• Exercise goal
Omit all pictures and transcribe only the lines in the entries below that run from the line with "Hallelujah - Pt.4" through the line with "Jena cuellar wedding".
[Opening Data for processing section]
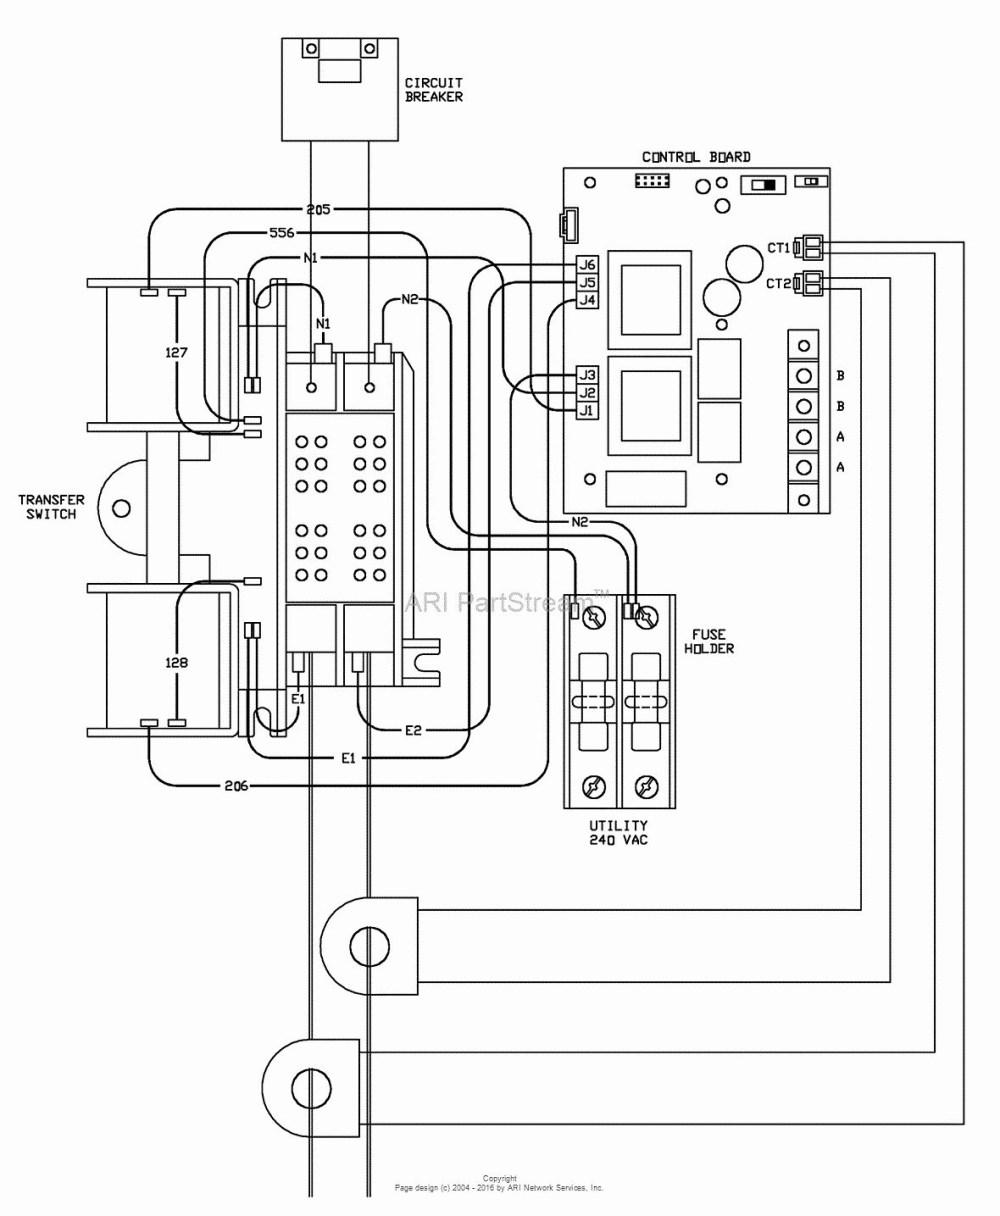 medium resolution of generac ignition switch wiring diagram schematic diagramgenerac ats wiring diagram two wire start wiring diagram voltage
[Closing Data for processing section]
[Opening Data for processing section]
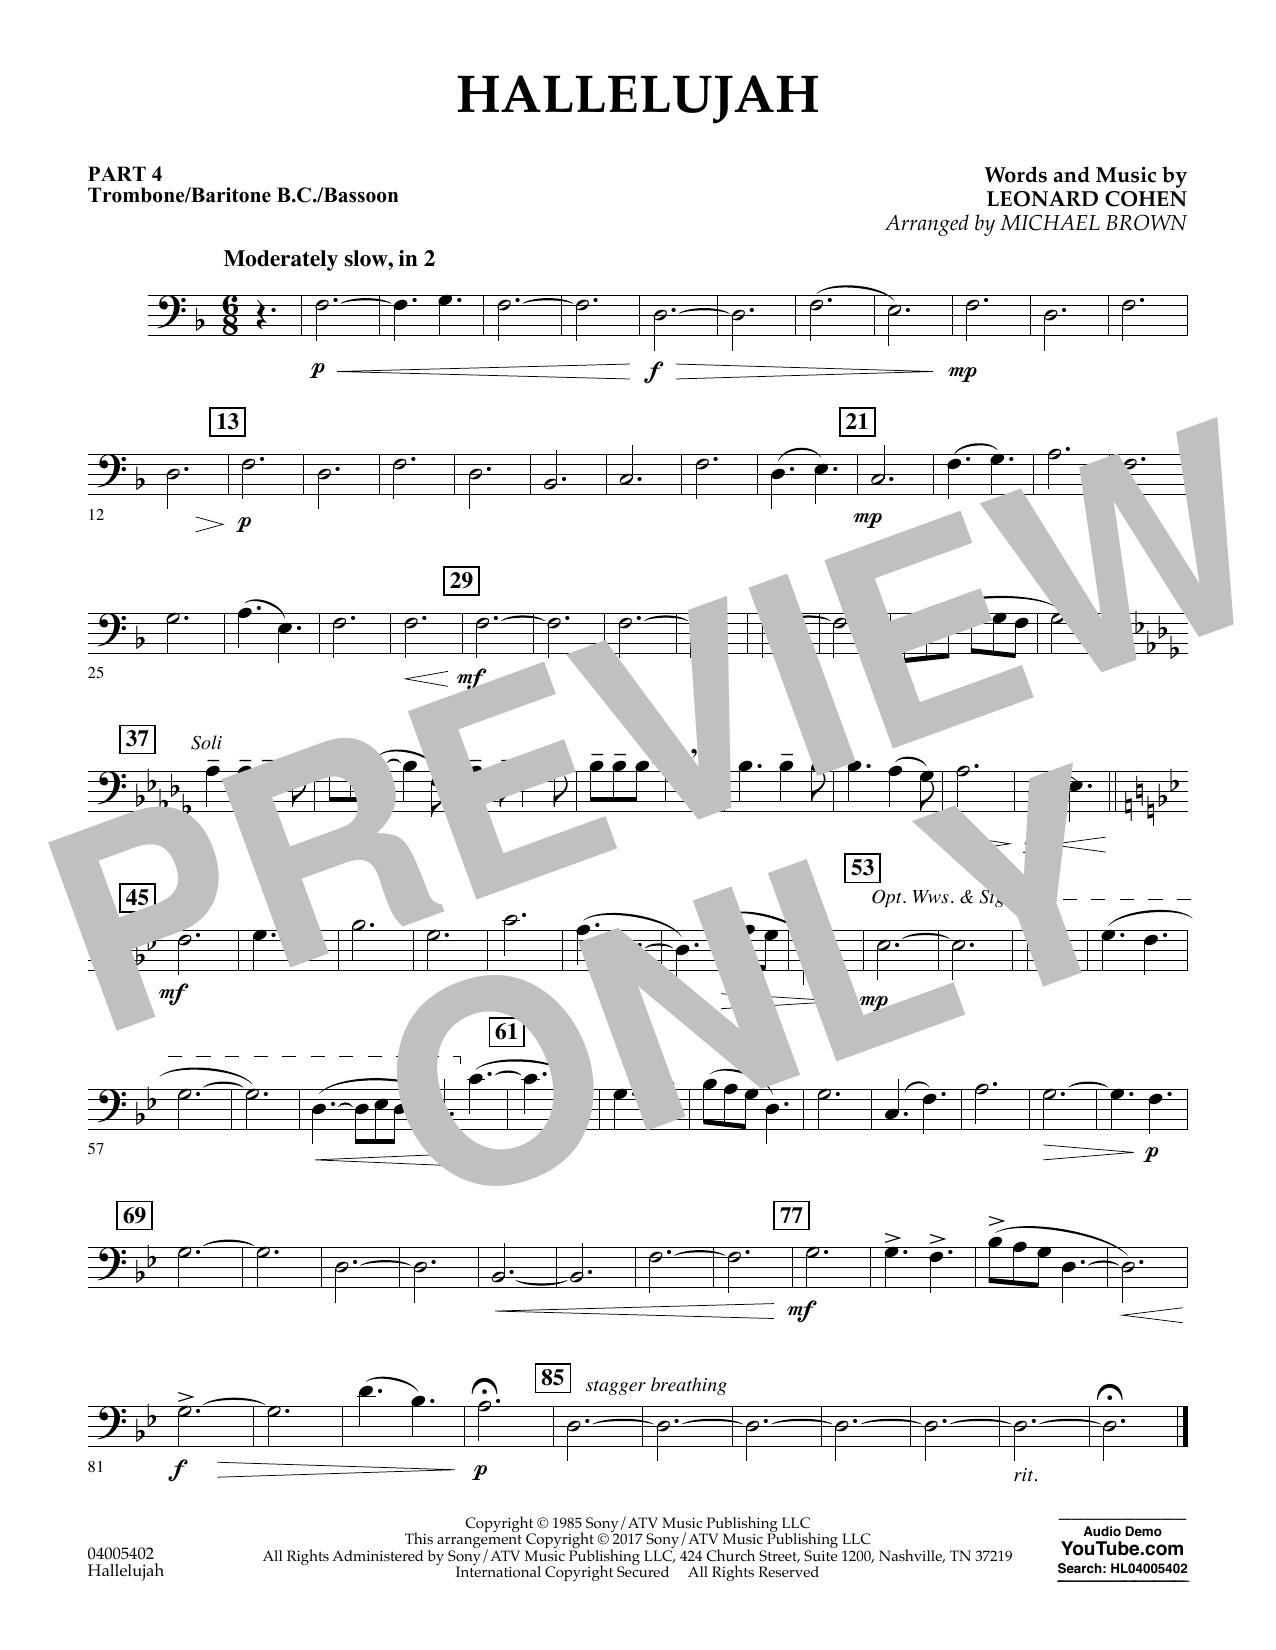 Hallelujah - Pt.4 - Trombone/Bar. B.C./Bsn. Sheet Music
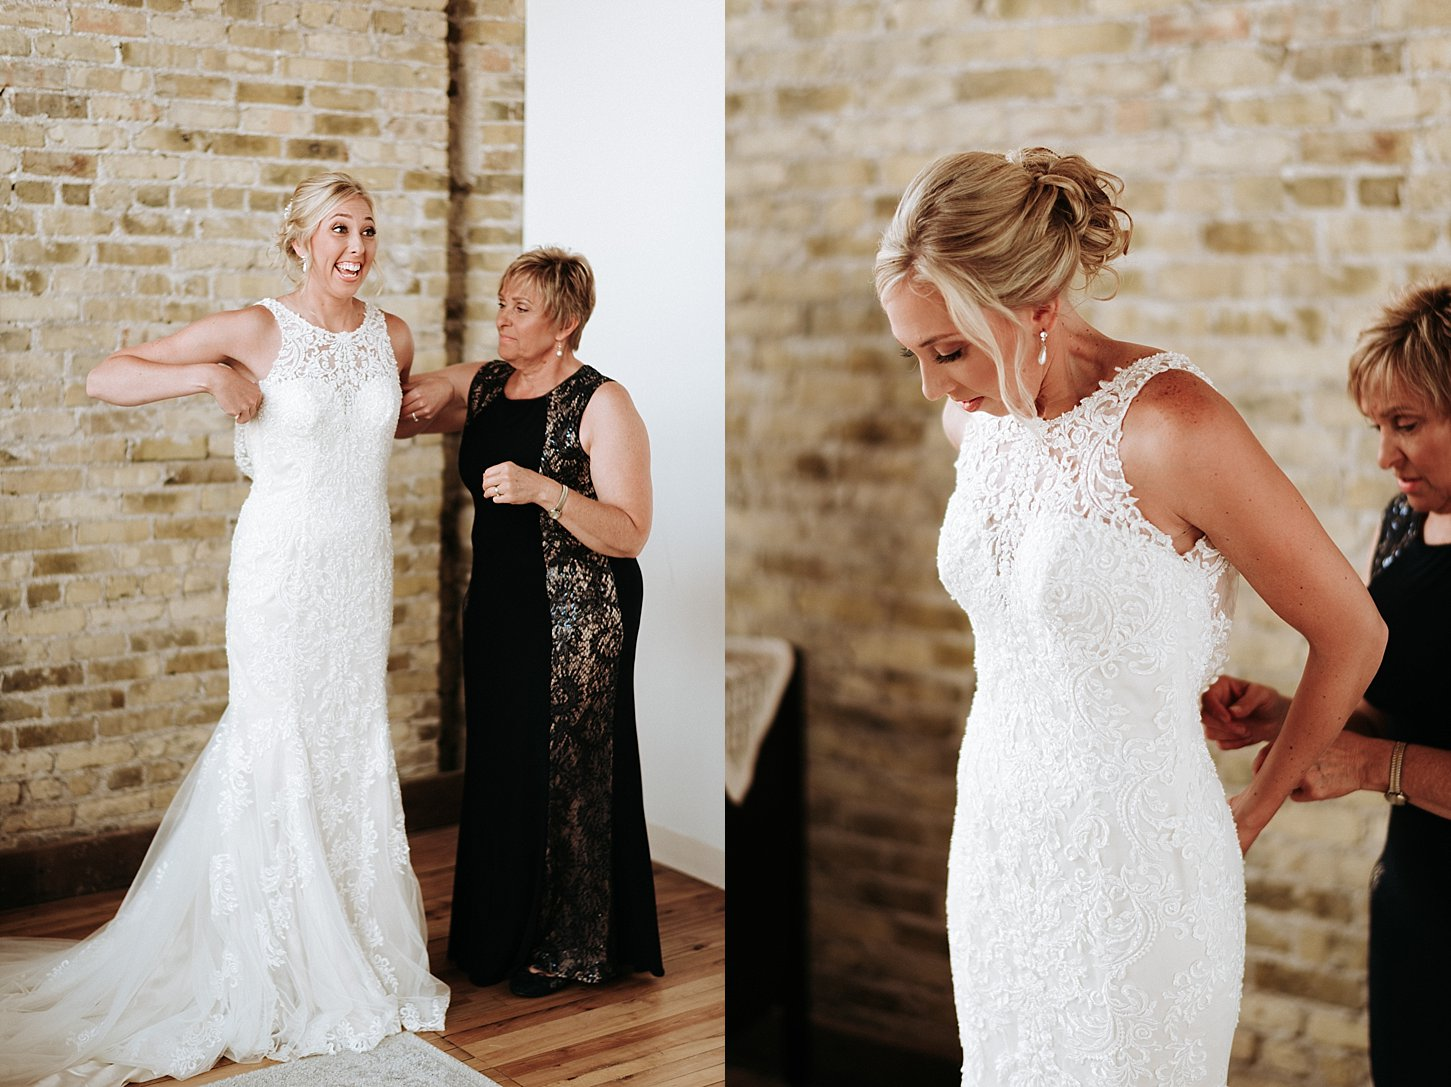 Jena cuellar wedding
[Closing Data for processing section]
• Result of this task
 Hallelujah - Pt.4 - Trombone/Bar. B.C./Bsn. Sheet Music
 Jena cuellar wedding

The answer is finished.